Annual Canadian Hockey League event

The CHL USA Prospects Challenge is an annual junior ice hockey series between the Canadian Hockey League (CHL) and the USA Hockey National Team Development Program. The two-game series showcases the talents of top prospects for the upcoming entry draft of the National Hockey League (NHL), in a collaborative effort with the NHL Central Scouting Bureau to select the participants.

==Format==
The CHL USA Prospects Challenge is an annual two-game series featuring the top NHL entry draft prospects from the CHL versus those from the USA Hockey National Team Development Program. CHL players for the game are chosen by the NHL Central Scouting Bureau in consultation with NHL teams.

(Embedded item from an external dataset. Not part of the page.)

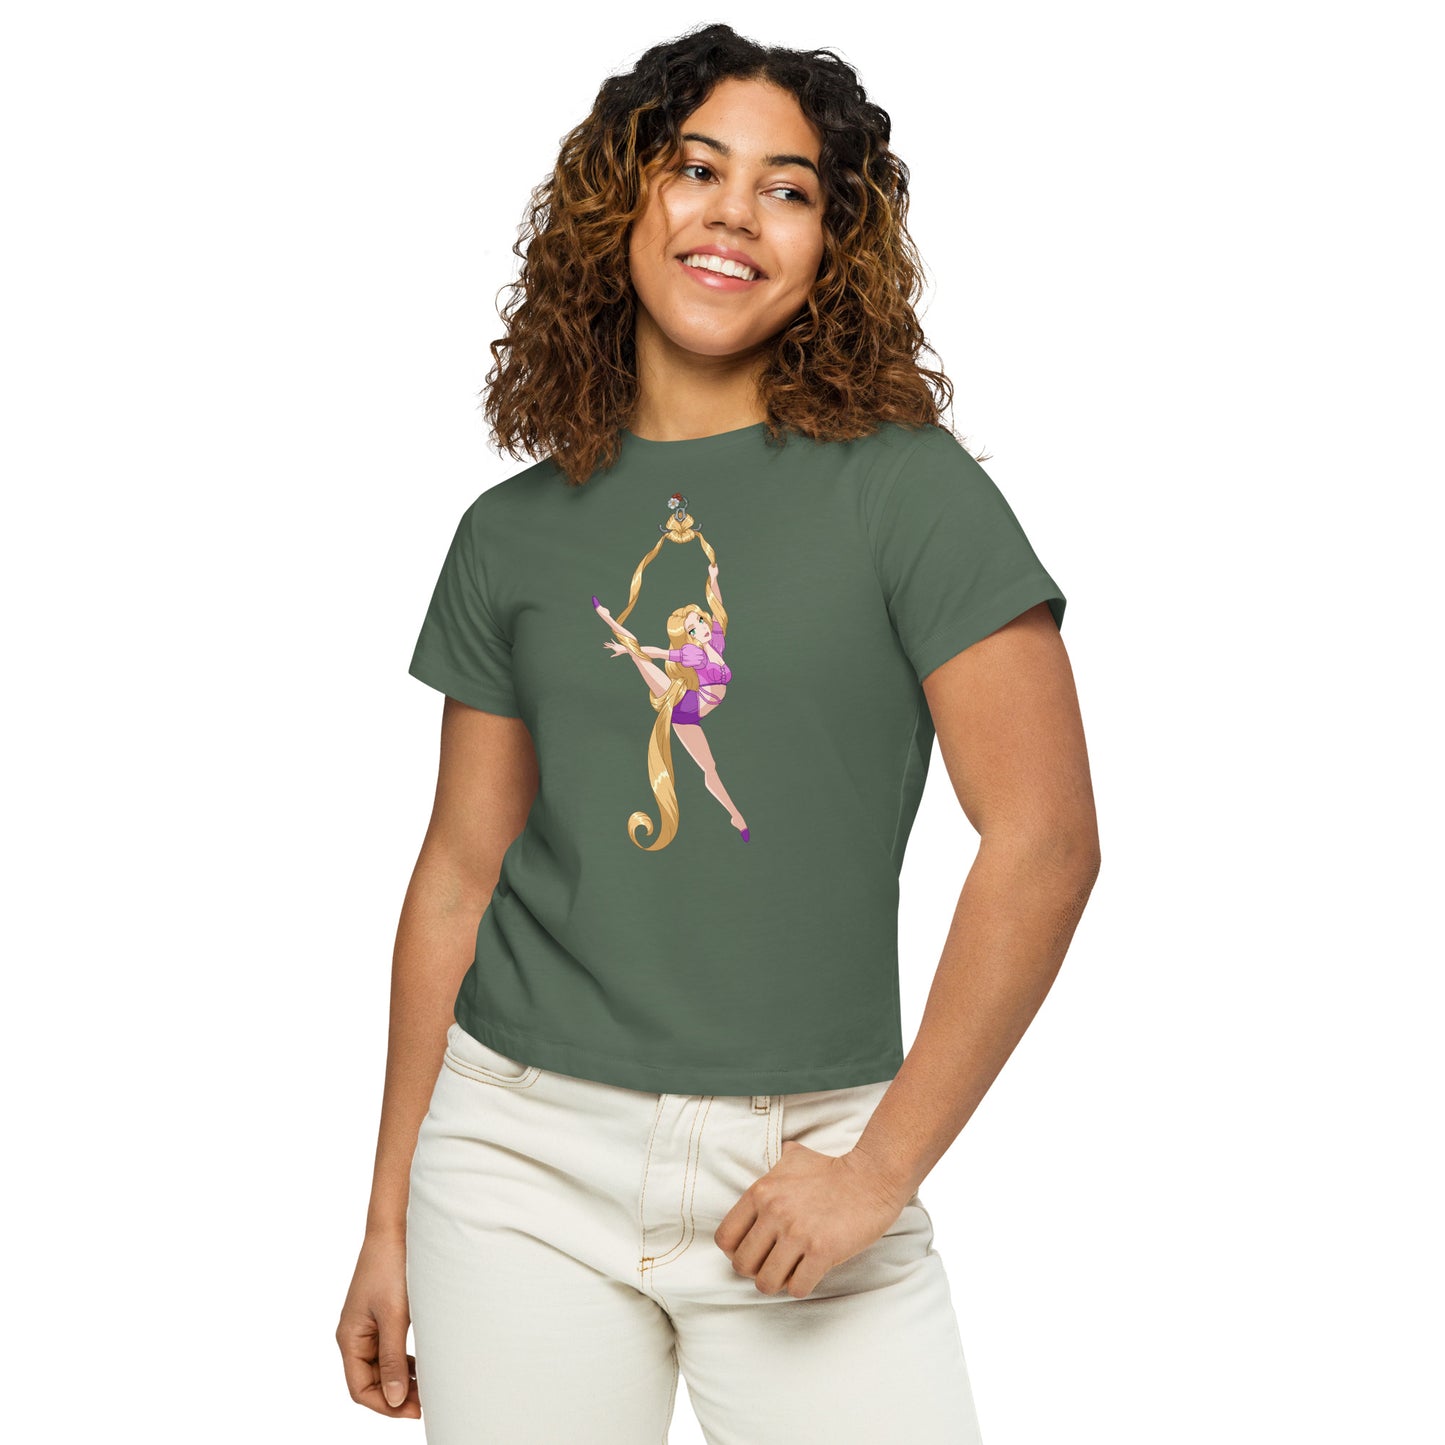 Aerial Silks - Women’s high-waisted t-shirt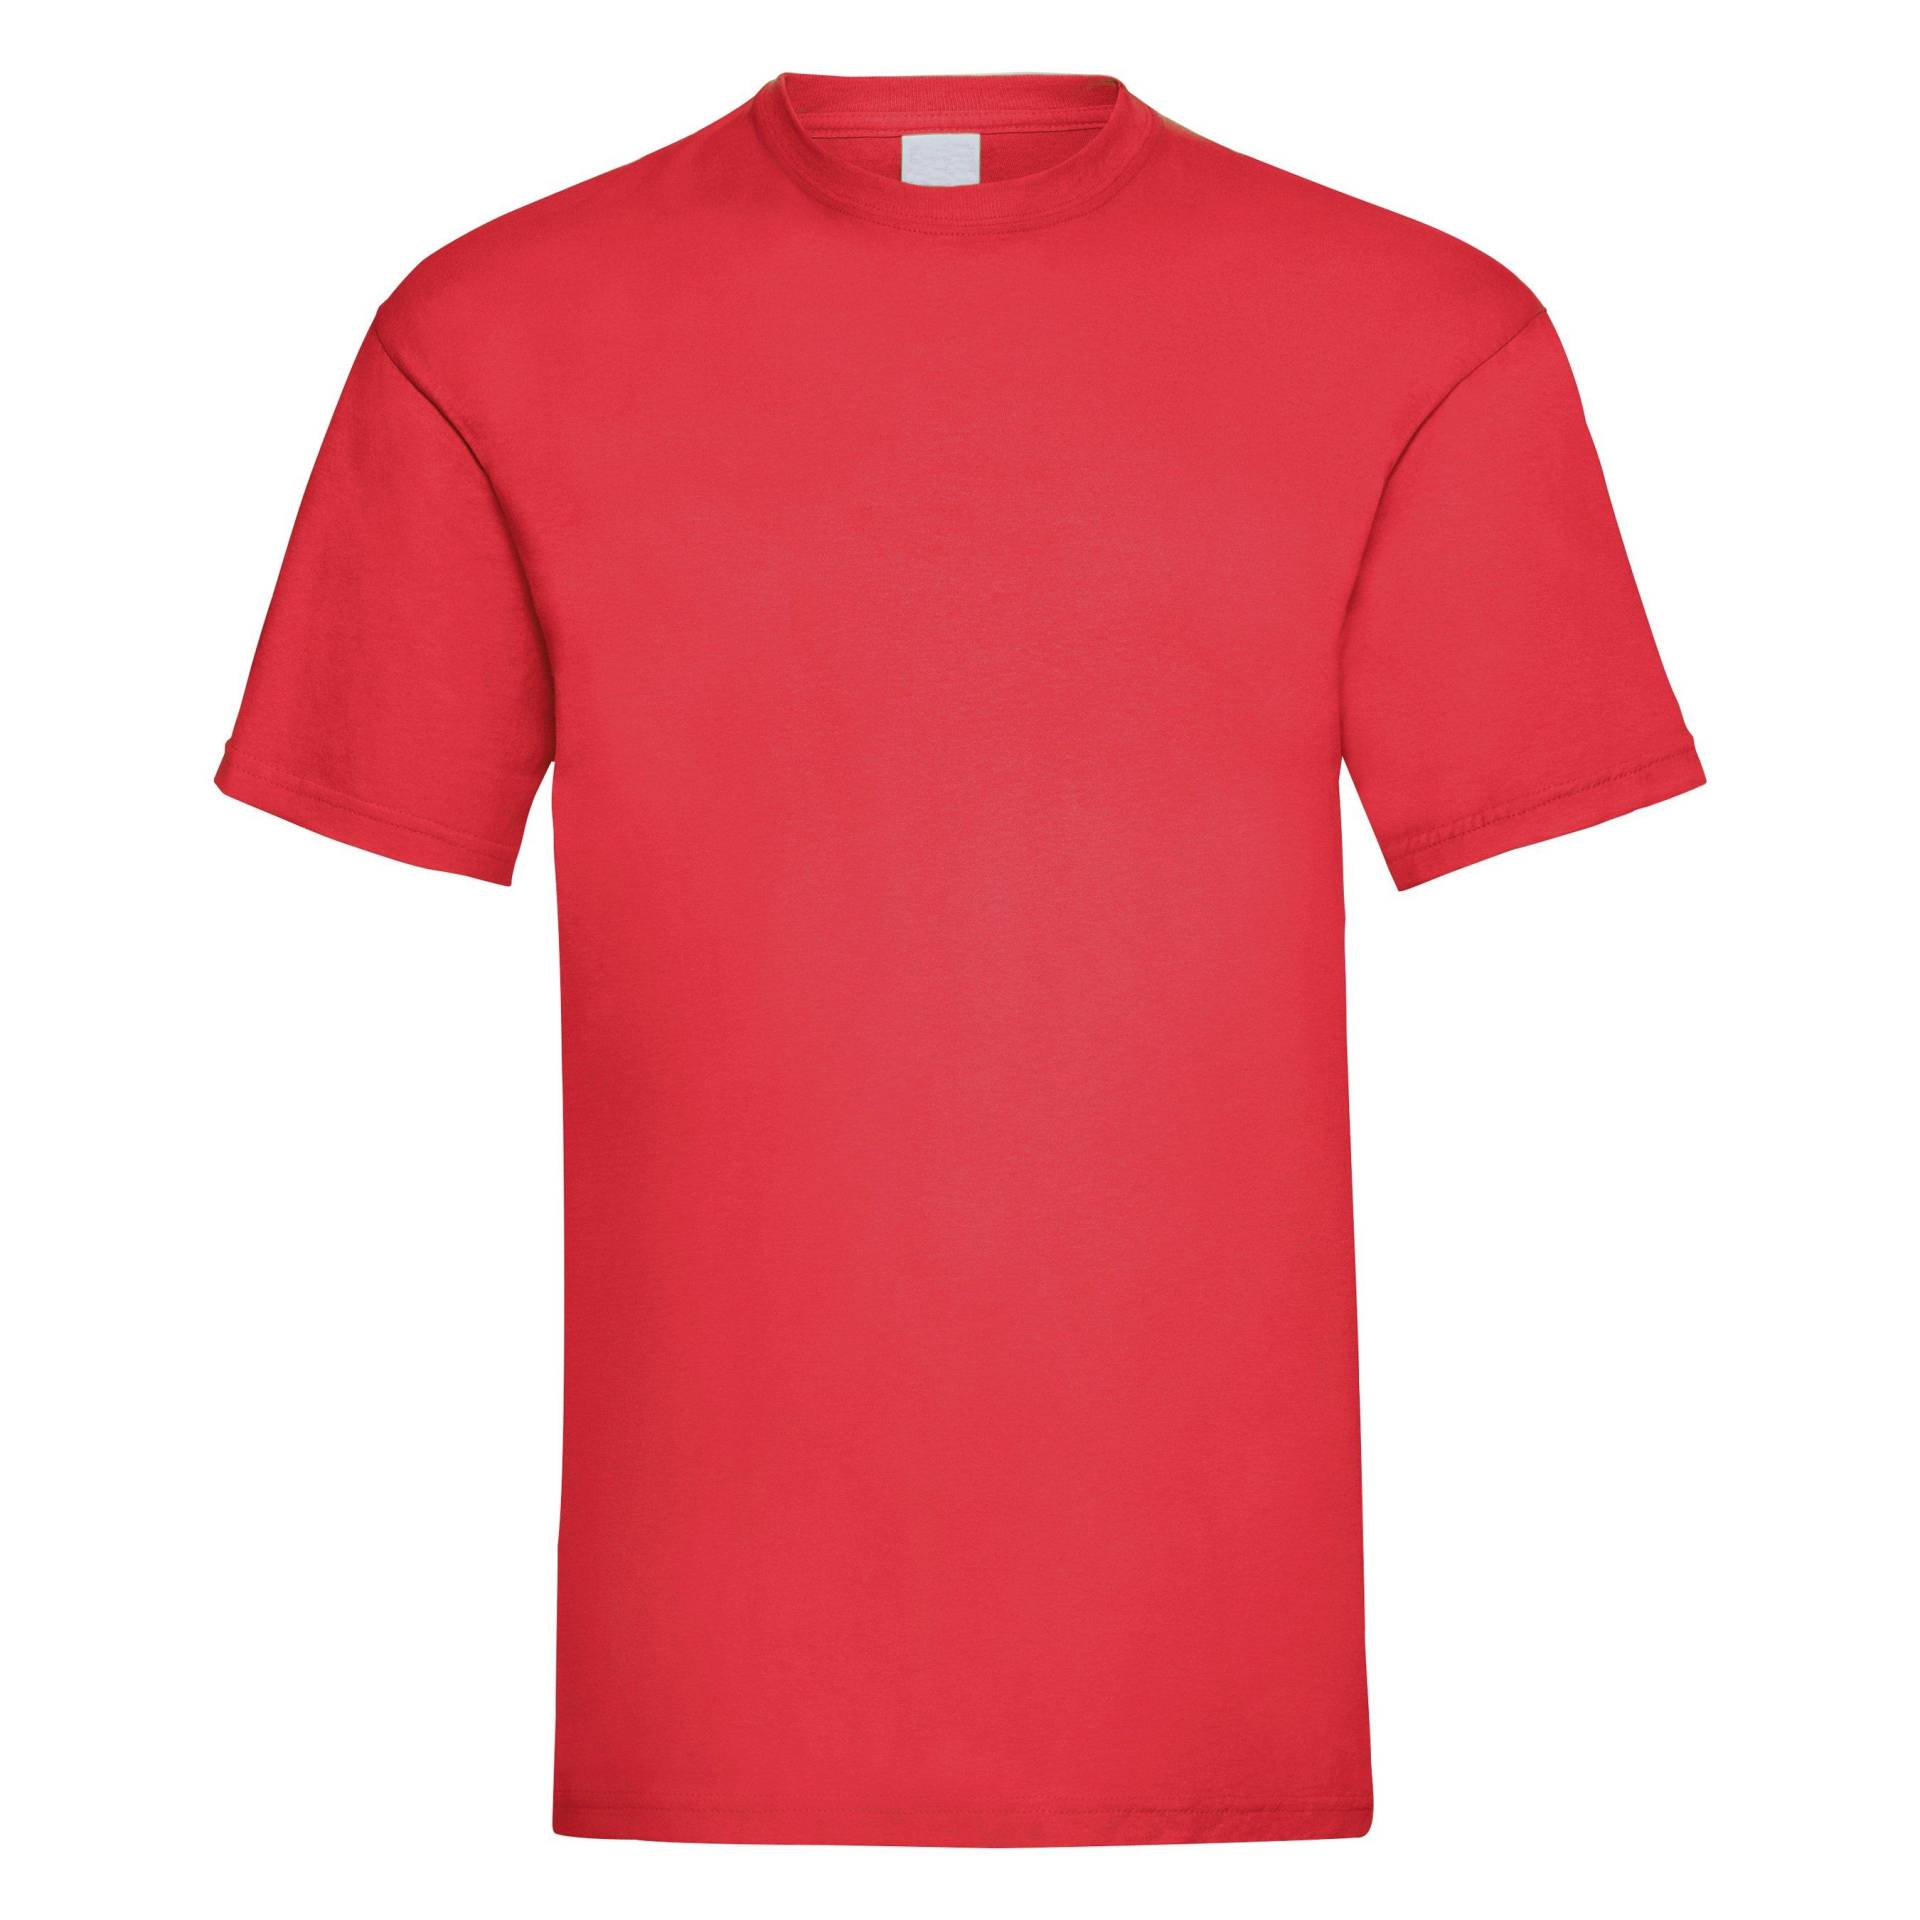 Value Kurzarm Freizeit Tshirt Herren Rot Bunt S von Universal Textiles

A game after regulation time would see a five-minute 3-on-3 overtime period then a shootout if necessary. If the series is tied on points after two games, the teams would play 3-on-3 20-minute period(s) to determine the winner. CHL president Dan MacKenzie felt that the new event would "[serve] as a best-on-best showcase [to] provide our top draft-eligible players from across the CHL with a great opportunity to demonstrate their elite talent and world-class skill set as they work towards hearing their name called at the NHL draft".

==2024 Kubota CHL USA Prospects Challenge==
In the 2024 game, head coaches were Kris Mallette for the CHL, and Greg Moore for the USA. Porter Martone was selected as the CHL captain; with Blake Fiddler, Matthew Schaefer, and Caleb Desnoyers as alternate captains. This was the first head-to-head matchup between Canada and the USA since the Hlinka Gretzky Cup.

The CHL team included three players expected to be top five picks in the 2025 NHL entry draft, and won both games of the series. ESPN opined that, "this was a dominant showing from Team CHL and shows the caliber of team they could send to the under-18 World Championships if every player was available for selection". The CHL's top line of Martone, Desnoyers, and Michael Misa, led the scoring, with all three expected as top-10 draft picks. Jack Murtagh scored two of the three USA goals, and goaltender Harrison Boettiger was credited by ESPN for keeping the scores close.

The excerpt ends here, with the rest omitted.